- Provided entries -
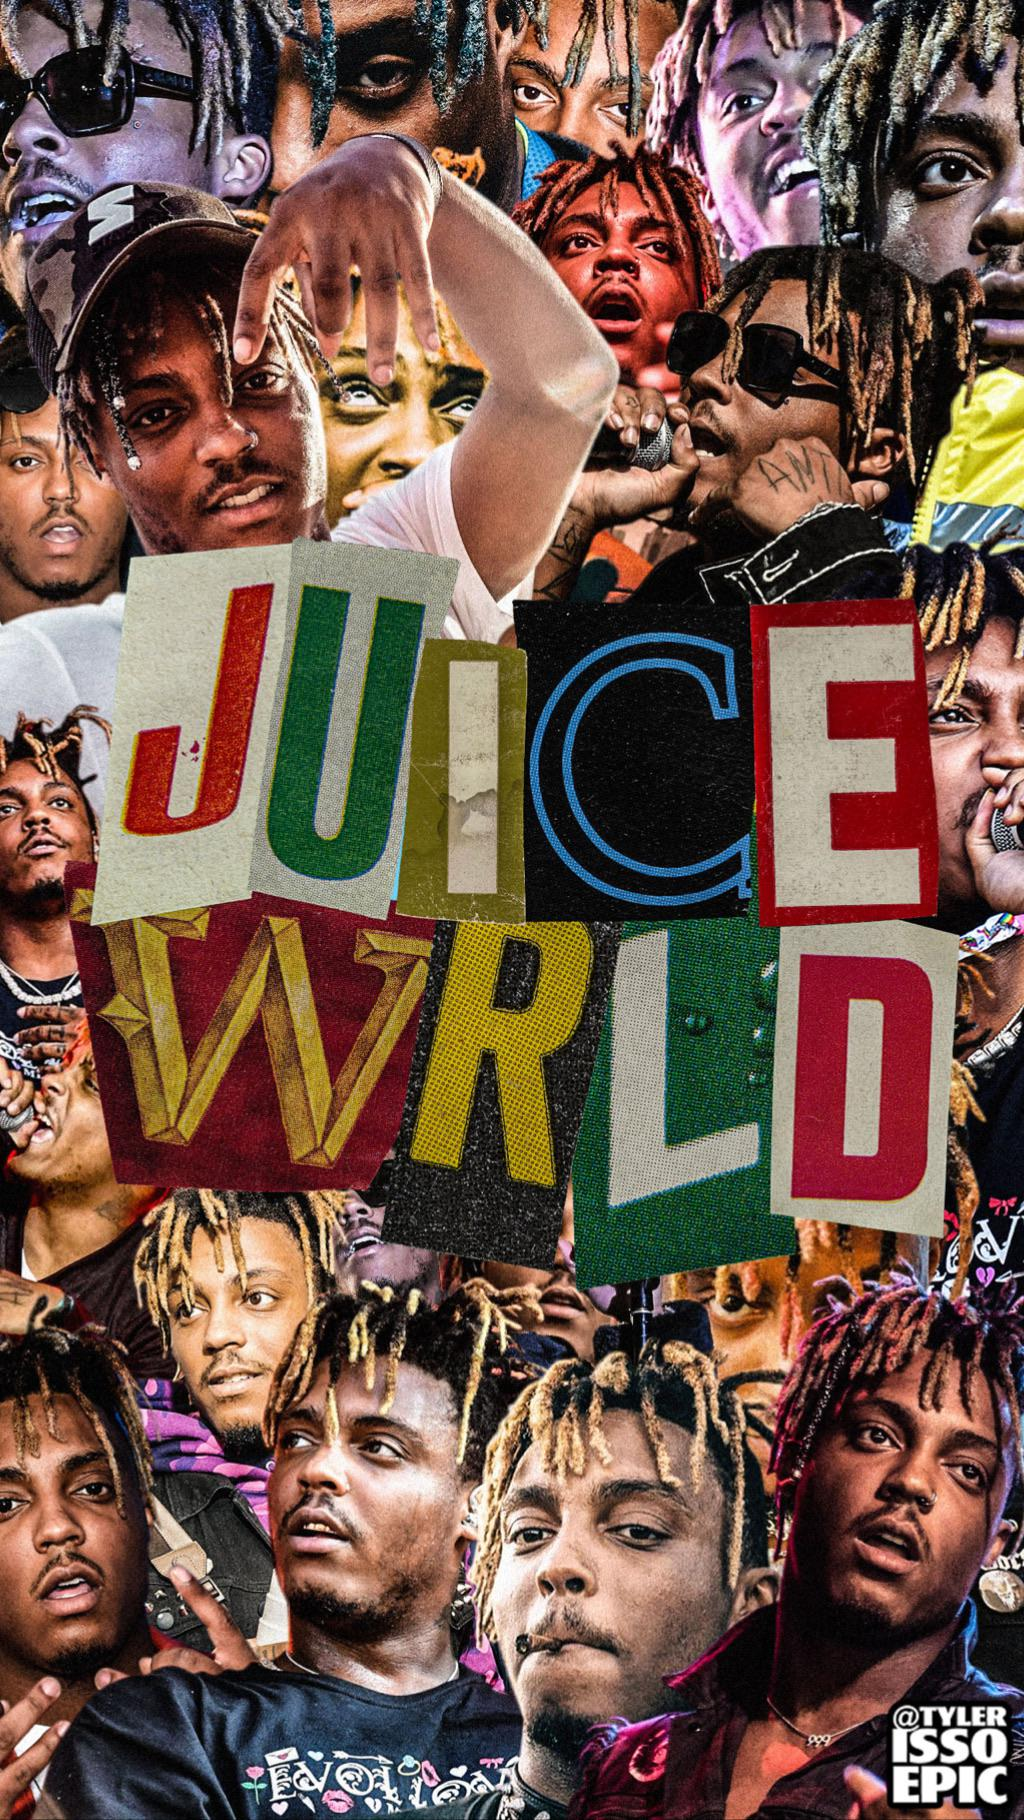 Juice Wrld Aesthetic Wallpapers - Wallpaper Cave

==

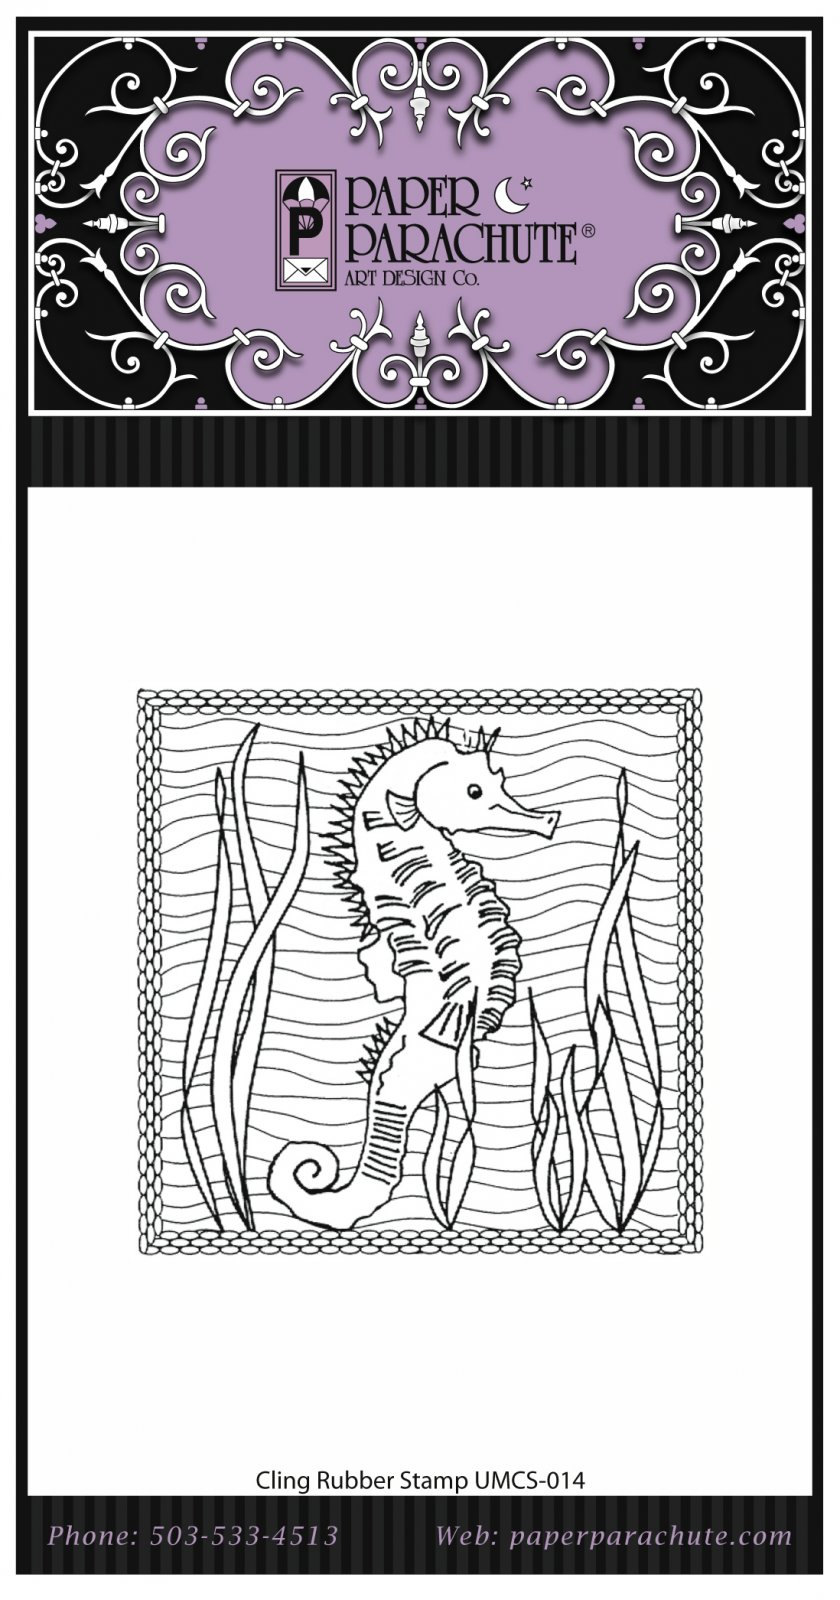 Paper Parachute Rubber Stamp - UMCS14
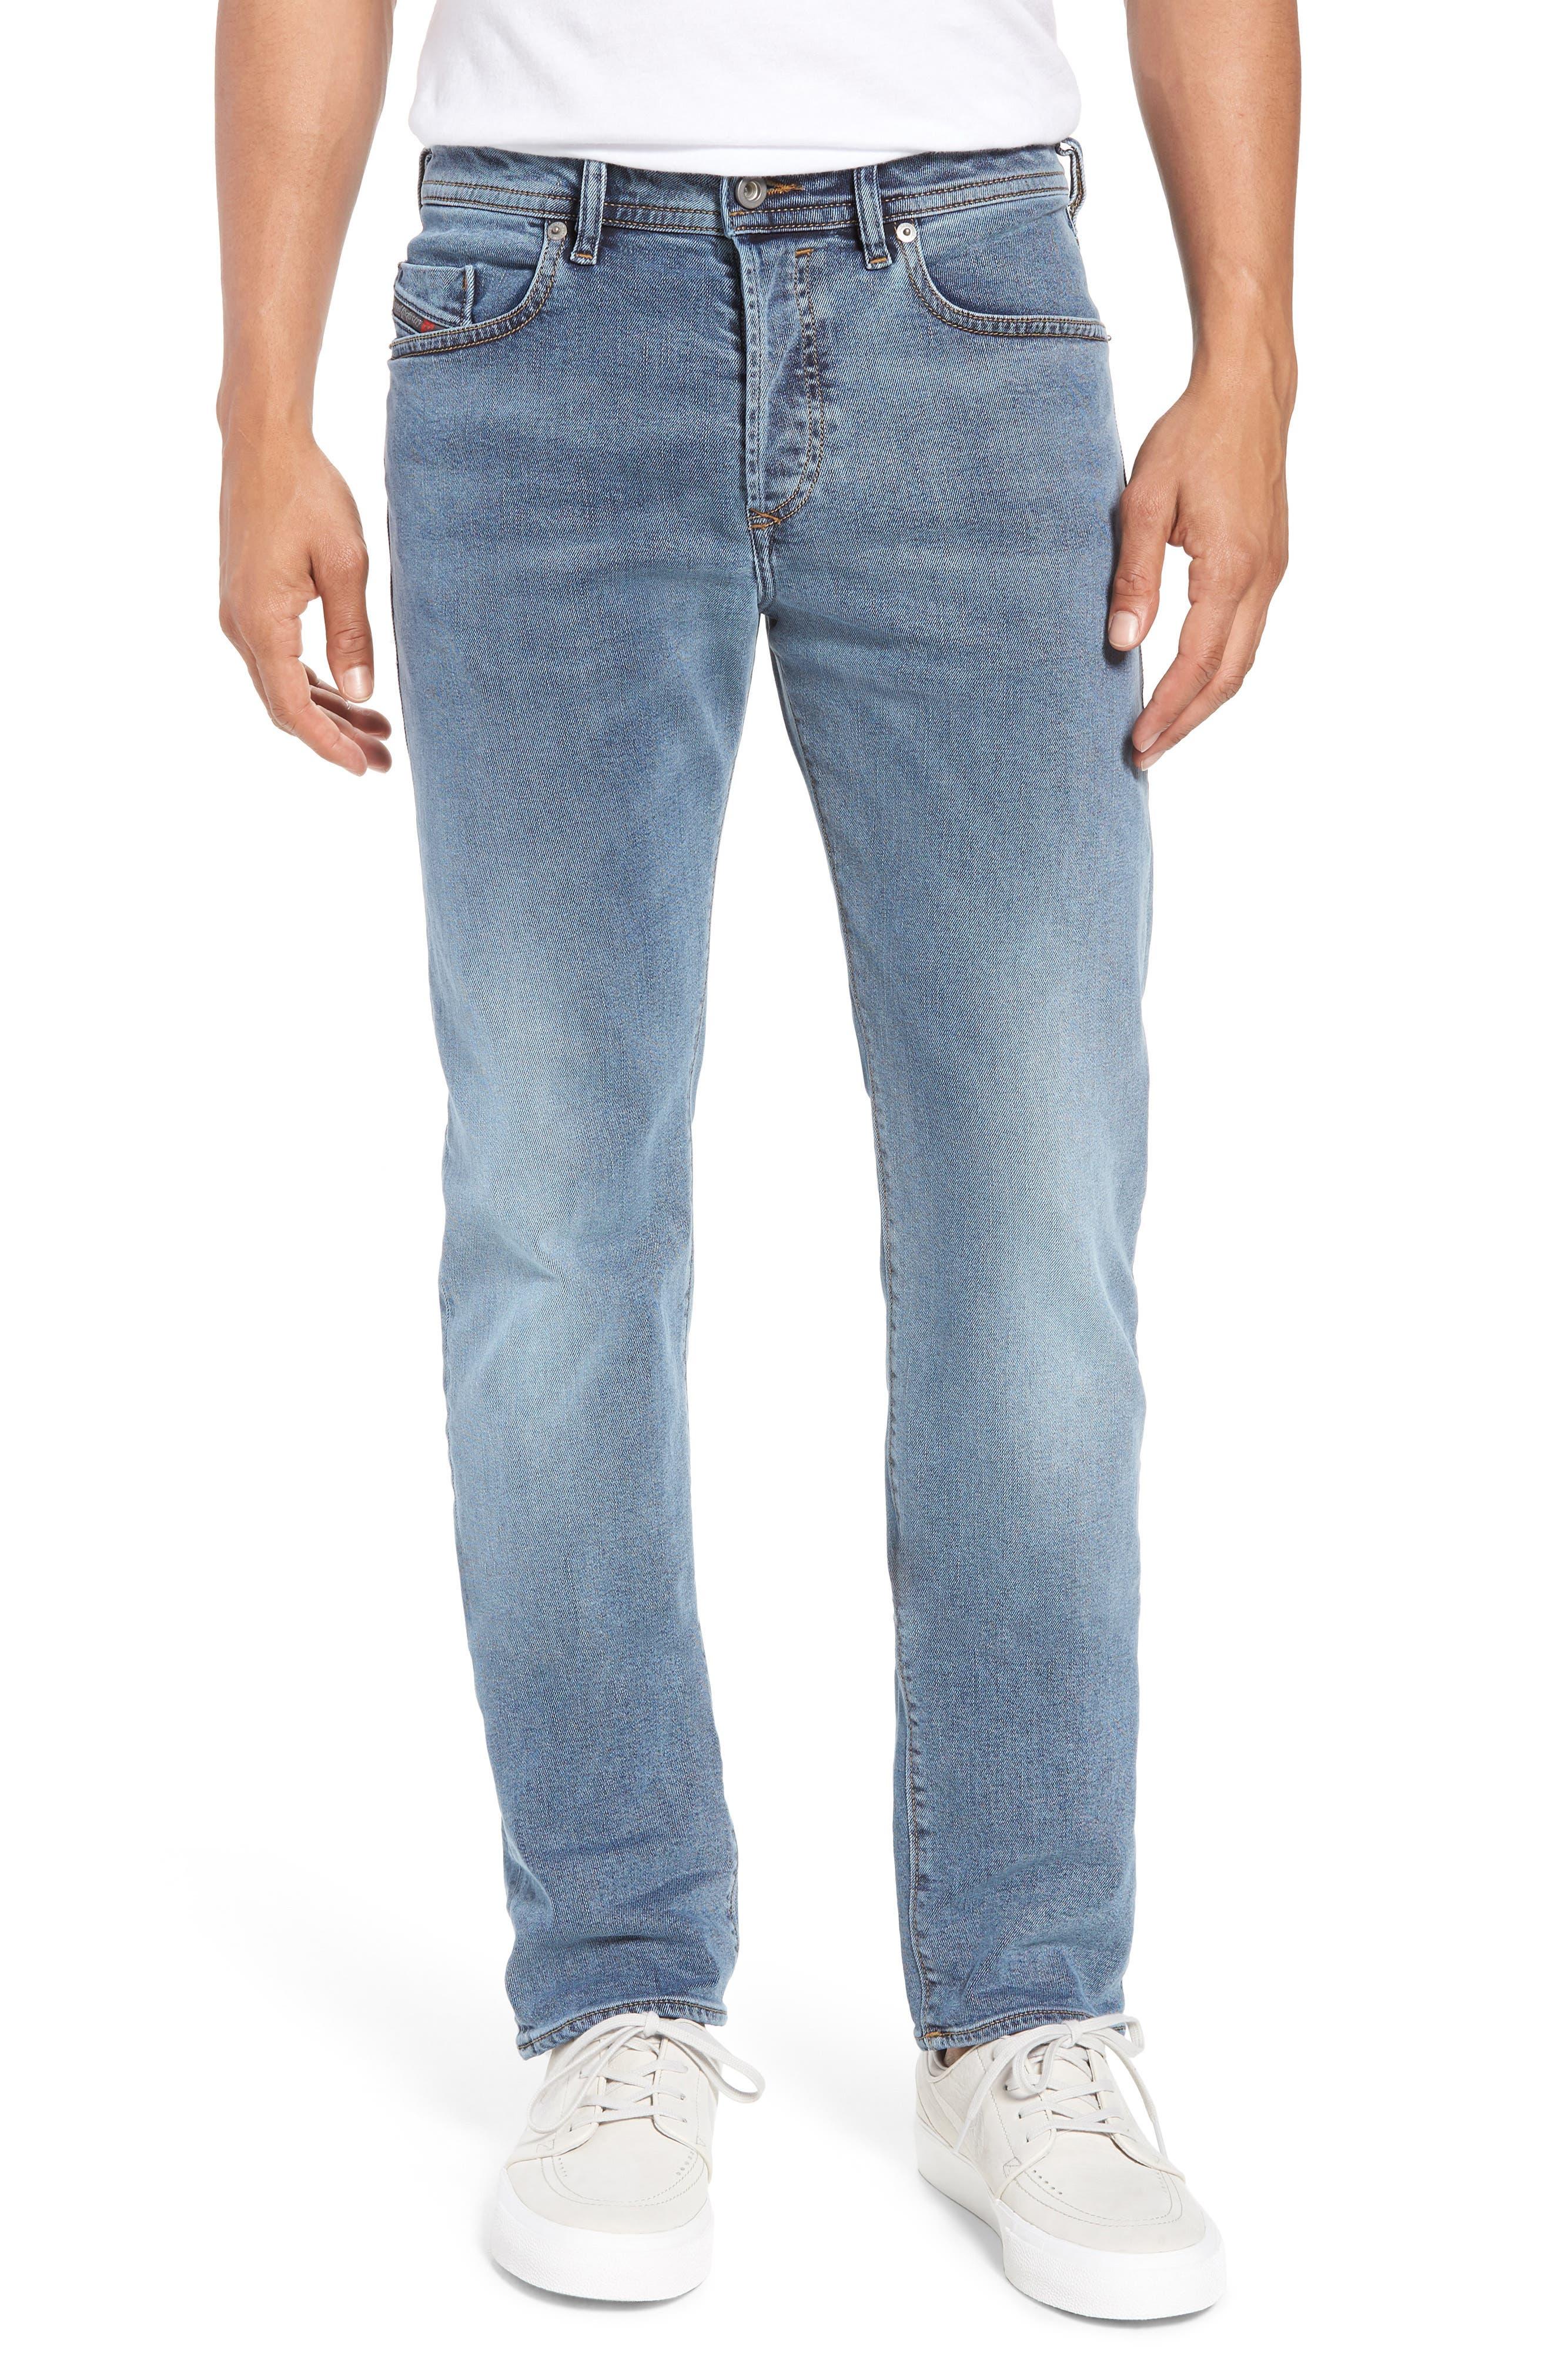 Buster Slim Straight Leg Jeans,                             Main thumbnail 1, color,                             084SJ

- Aim of the task -
From the records above, quote word for word only the lines beginning at the line that has "Paper Parachute Rubber Stamp - UMCS14" and stopping after the line that has "Buster Slim Straight". Omit the pictures.

- Written response -
 Paper Parachute Rubber Stamp - UMCS14
 Buster Slim Straight Leg Jeans,                             Main thumbnail 1, color,                             084SJ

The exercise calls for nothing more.